We have an Asgard bike shed. I won't disagree about it being fugly, but condensation is not nearly as bad as I thought it would be, and we're on the side of the Pennines so not in the driest part of the county. 
They are likely no good for the OPs requirements (hanging heavy bikes), but work ok if you are happy to lean bikes against each other. There are a lot of very expensive bikes stored in them as they seem to be recognised by insurance companies as a reasonably secure means of keeping one's bike(s) stored outside. The main deterrent to break in is probably how much noise it would take to pop them open.

OP - before you finalise details of your build, it may be worth giving your insurance company a call to see if they would cover your bikes if they were stolen from you new shed.


----------



## Pedropete (30 Jan 2020)

Myfordman":3v69et64 said:


> You could always make your plinth from concrete lintels that you could take with you when you move?


They'd still need fixing in place, which would damage the patio far more than the anchors I'm planning to use. Would also raise the peak height above the 2500mm limit for being within 2m of a boundary.


----------



## MikeG. (30 Jan 2020)

Pedropete":1tr1fhtx said:


> ...... Would also raise the peak height above the 2500mm limit for being within 2m of a boundary.



No, you just make your timber walls 4 or 6 inches shorter, whatever, to allow for the difference.


----------



## Pedropete (30 Jan 2020)

MikeG.":ctvsv32k said:


> No, you just make your timber walls 4 or 6 inches shorter, whatever, to allow for the difference.

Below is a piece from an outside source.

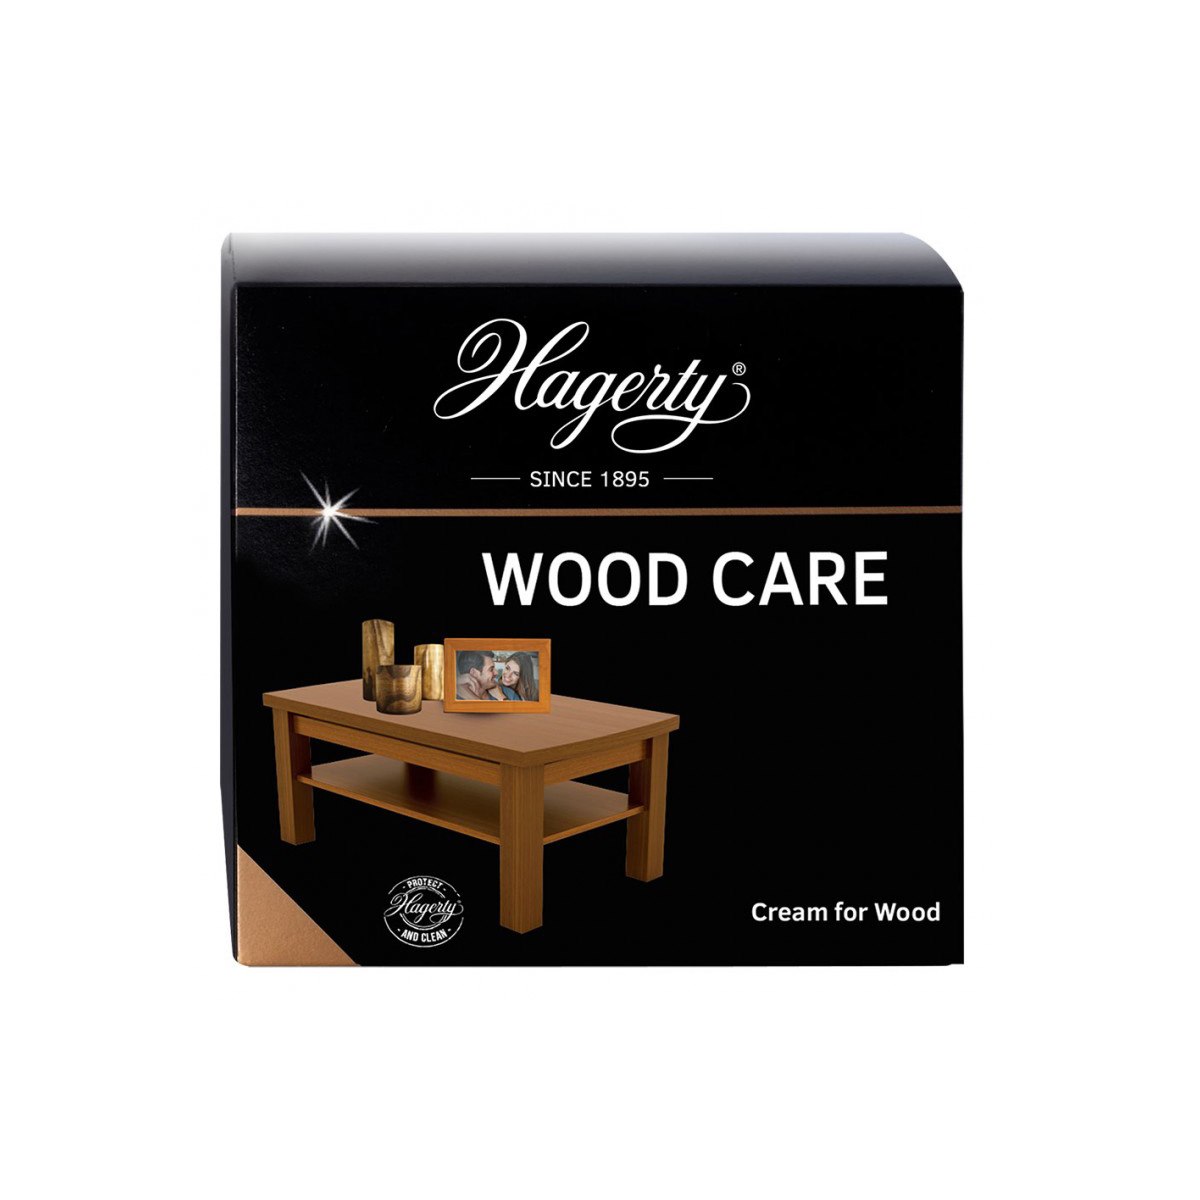 Hagerty Wood Care Cream for Wood

That would drop the door header too low and need the internal headroom to hang one bike above another on the tall wall. I appreciate and agree with your concerns but it can't go on a plinth for now. As and when it gets moved it will go on a more suitable base. Always helpful to be challenged though, so thank you.


----------



## MikeG. (30 Jan 2020)

Pedropete":g8gowumo said:


> ......That would drop the door header too low........

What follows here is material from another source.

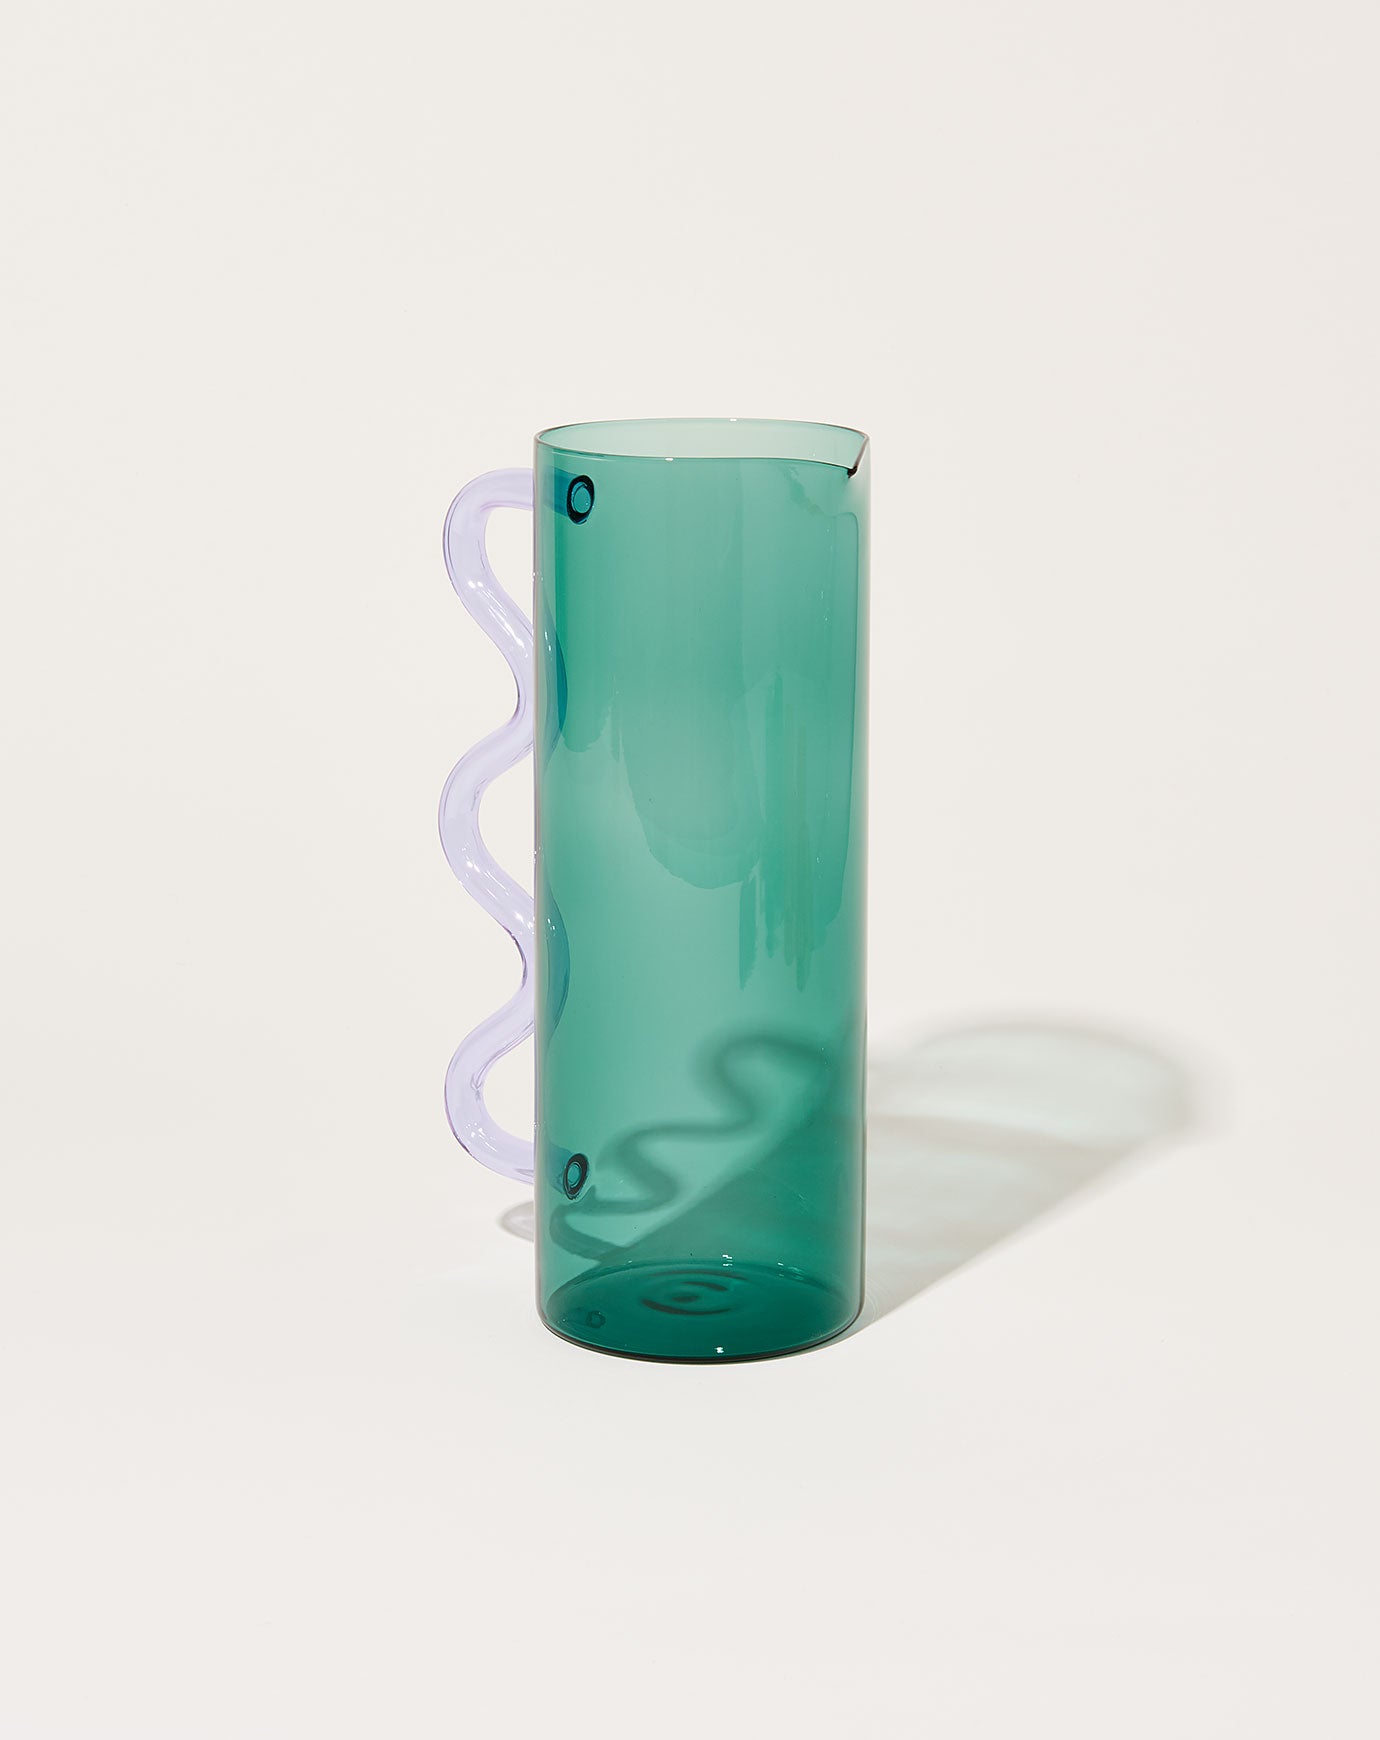 Sophie Lou Jacobsen Wave Pitcher in Teal with Lilac

Header? You've been watching too many American Youtube clips. It's a lintel here. :wink: 

And no, it doesn't affect anything height-wise. You're effectively cutting X inches off the bottom of the walls and replacing them with concrete, with everything else remaining precisely where they were.


----------



## Pedropete (30 Jan 2020)

samhay":3c4orzty said:


> We have an Asgard bike shed. I won't disagree about it being fugly, but condensation is not nearly as bad as I thought it would be... They are likely no good for the OPs requirements (hanging heavy bikes), but work ok if you are happy to lean bikes against each other. There are a lot of very expensive bikes stored in them as they seem to be recognised by insurance companies as a reasonably secure means of keeping one's bike(s) stored outside. The main deterrent to break in is probably how much noise it would take to pop them open.
> 
> OP - before you finalise details of your build, it may be worth giving your insurance company a call to see if they would cover your bikes if they were stolen from you new shed.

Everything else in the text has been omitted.